• _Exercise inputs_:
————
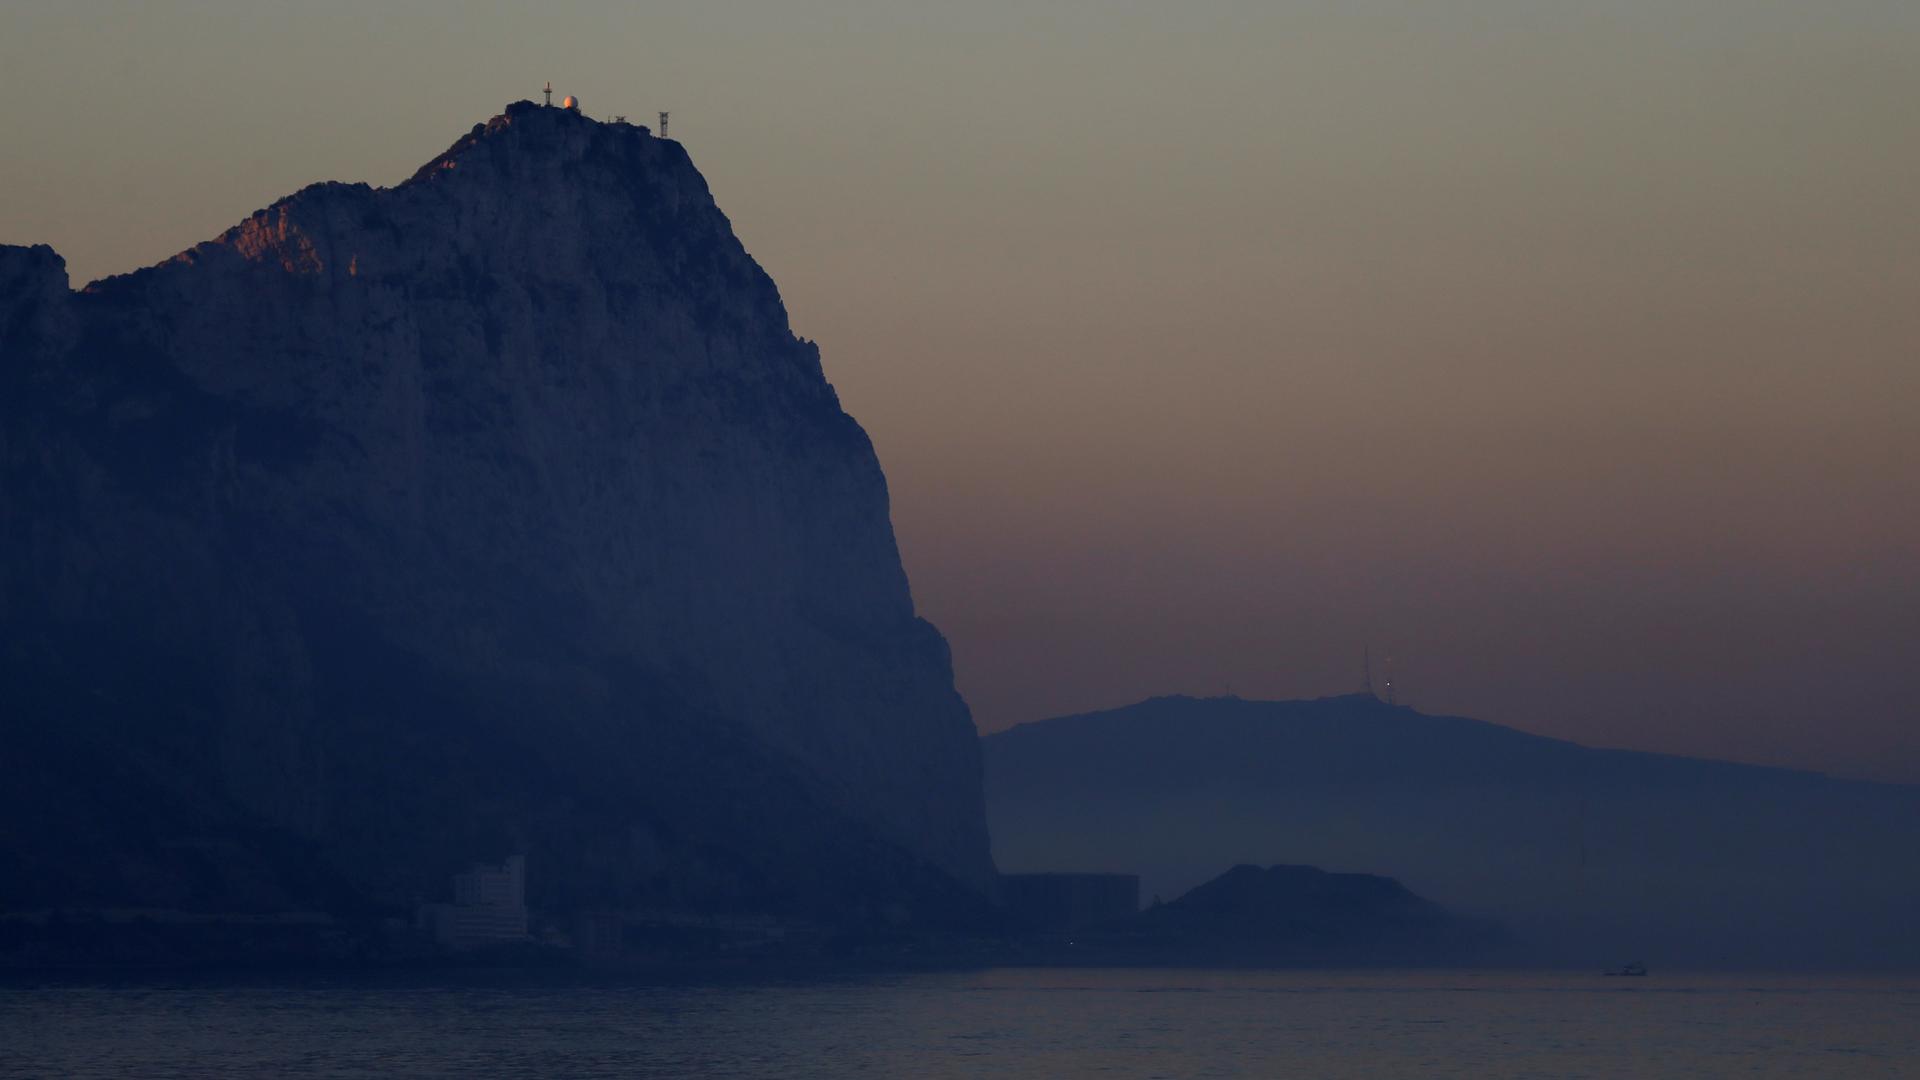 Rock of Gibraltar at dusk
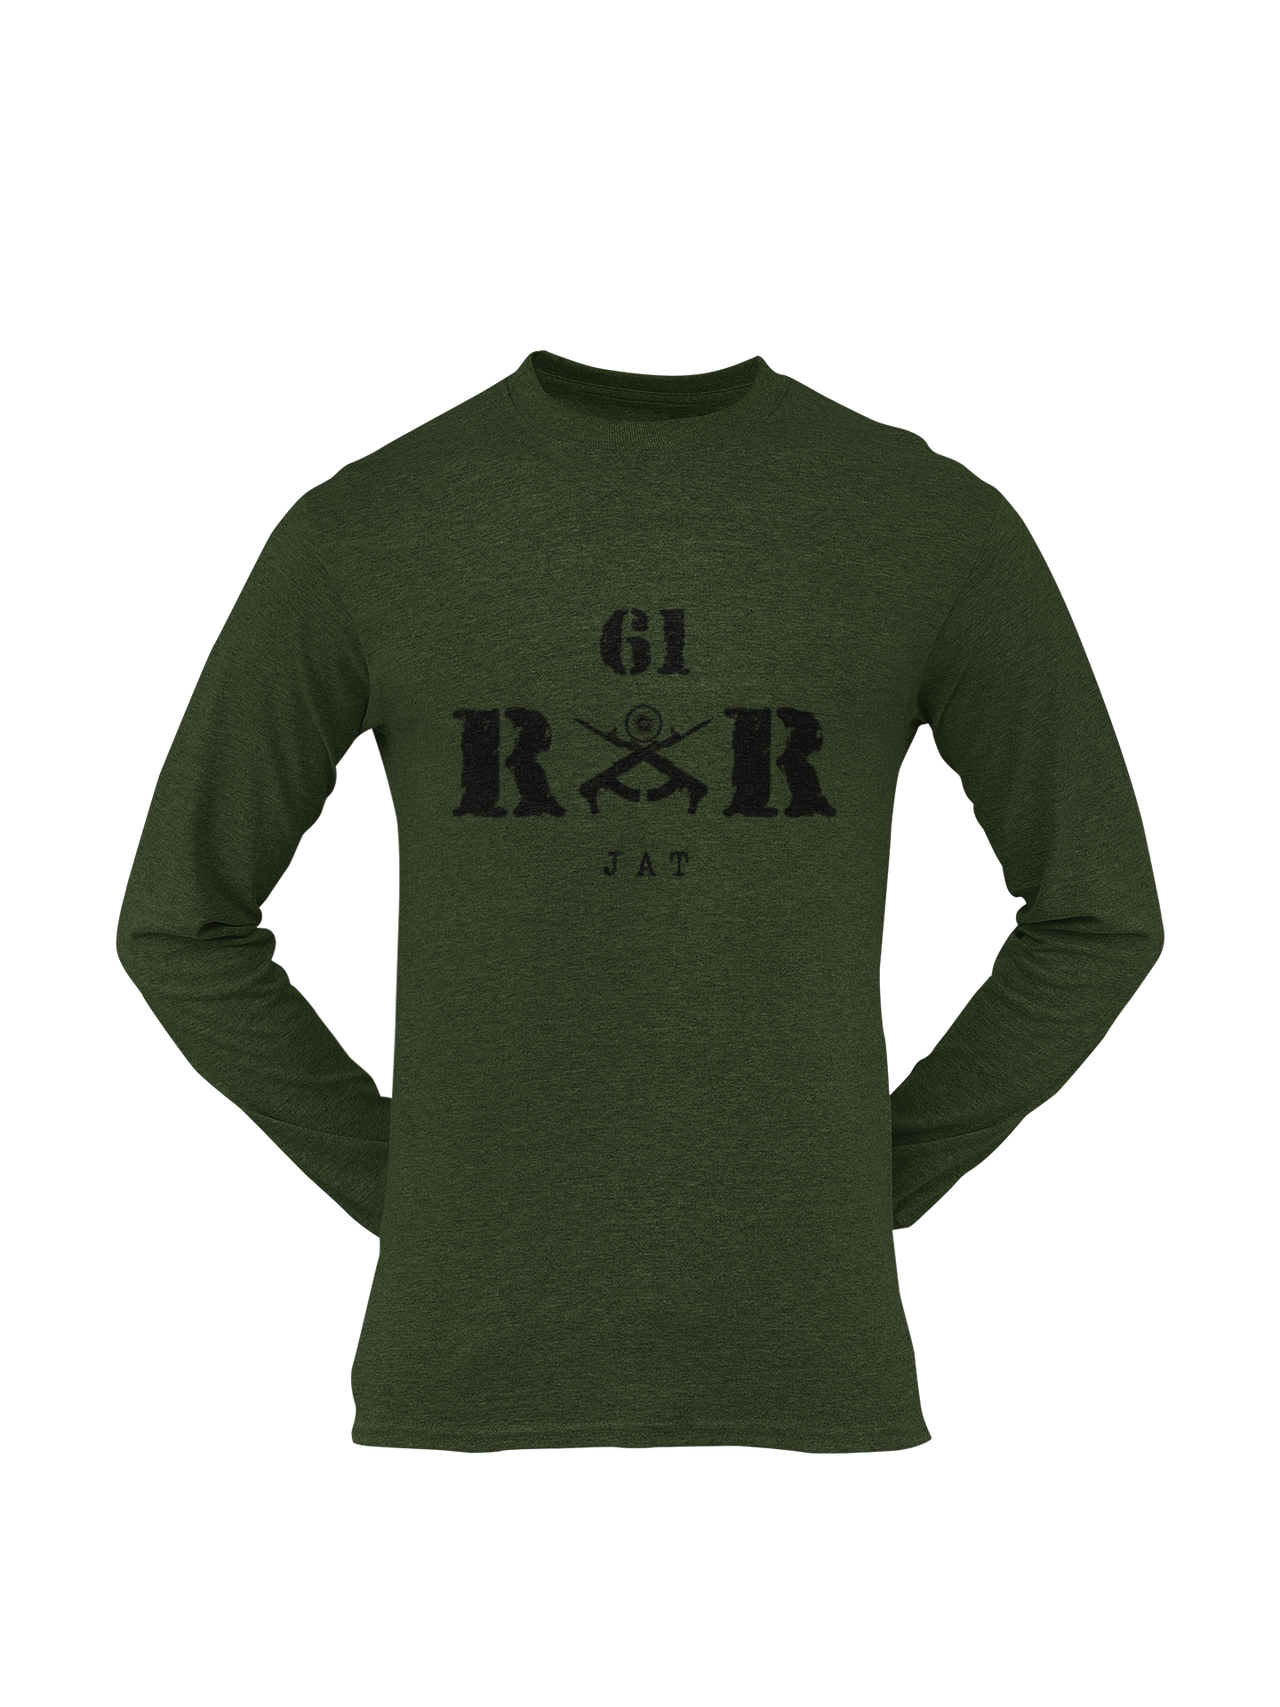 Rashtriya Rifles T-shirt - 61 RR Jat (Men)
————
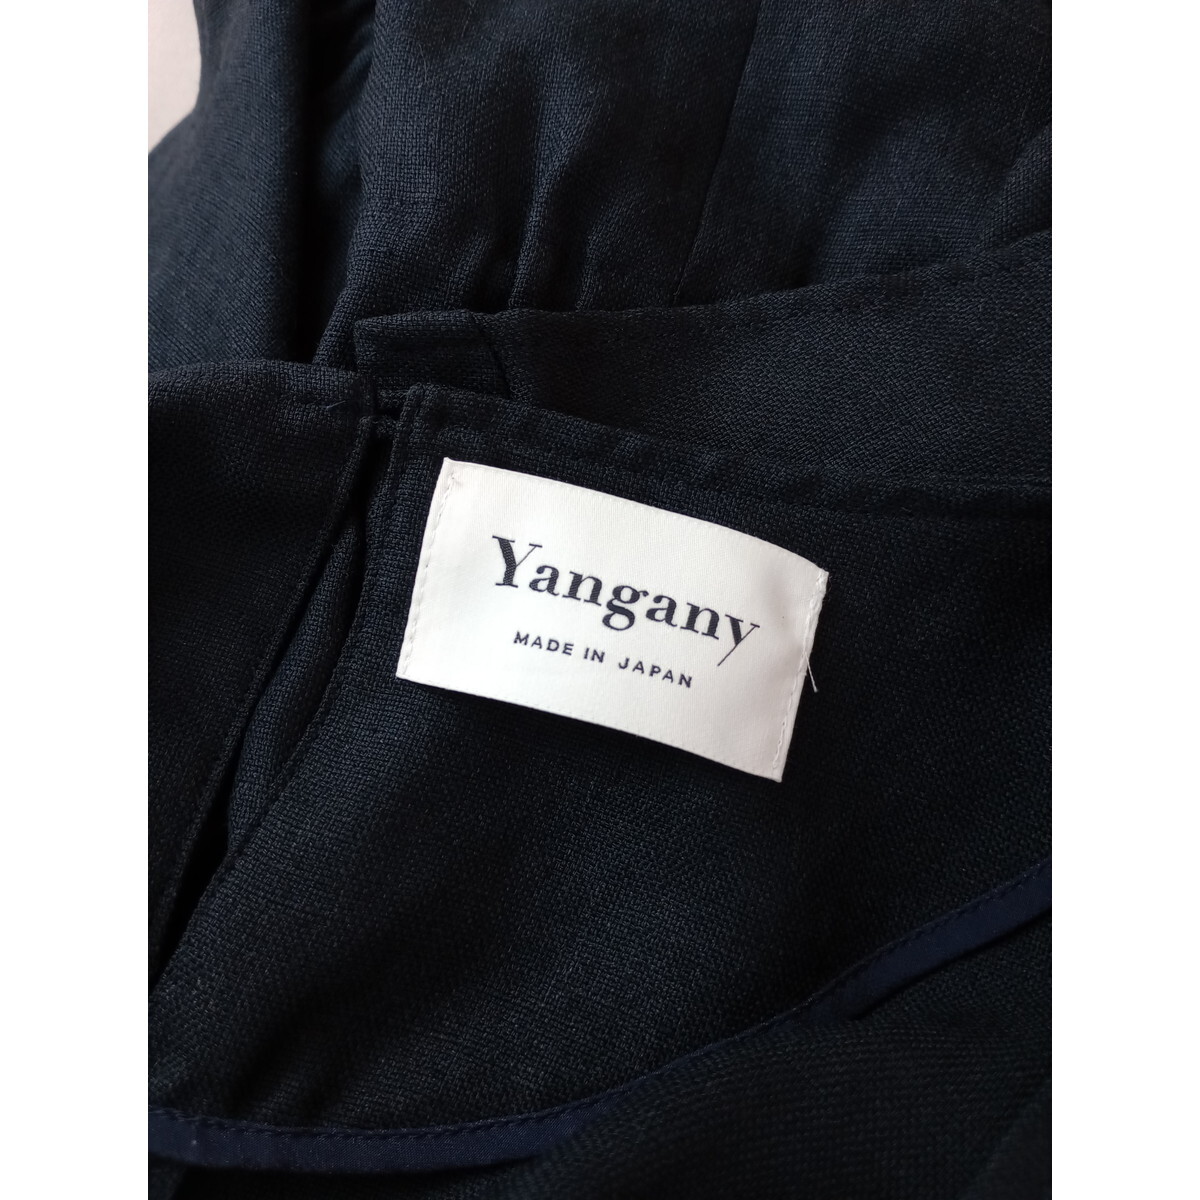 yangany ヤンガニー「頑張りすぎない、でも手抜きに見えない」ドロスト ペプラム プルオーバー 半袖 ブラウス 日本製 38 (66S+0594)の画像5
————
• _Problem description_: Reproduce the data above exactly, but only the lines from the one showing "Rock of Gibraltar at dusk" through the one showing "Rashtriya Rifles T-shirt - 61 RR Jat (Men)", with both ends kept and the pictures left out.

• _Answer to this problem_:
 Rock of Gibraltar at dusk
 Rashtriya Rifles T-shirt - 61 RR Jat (Men)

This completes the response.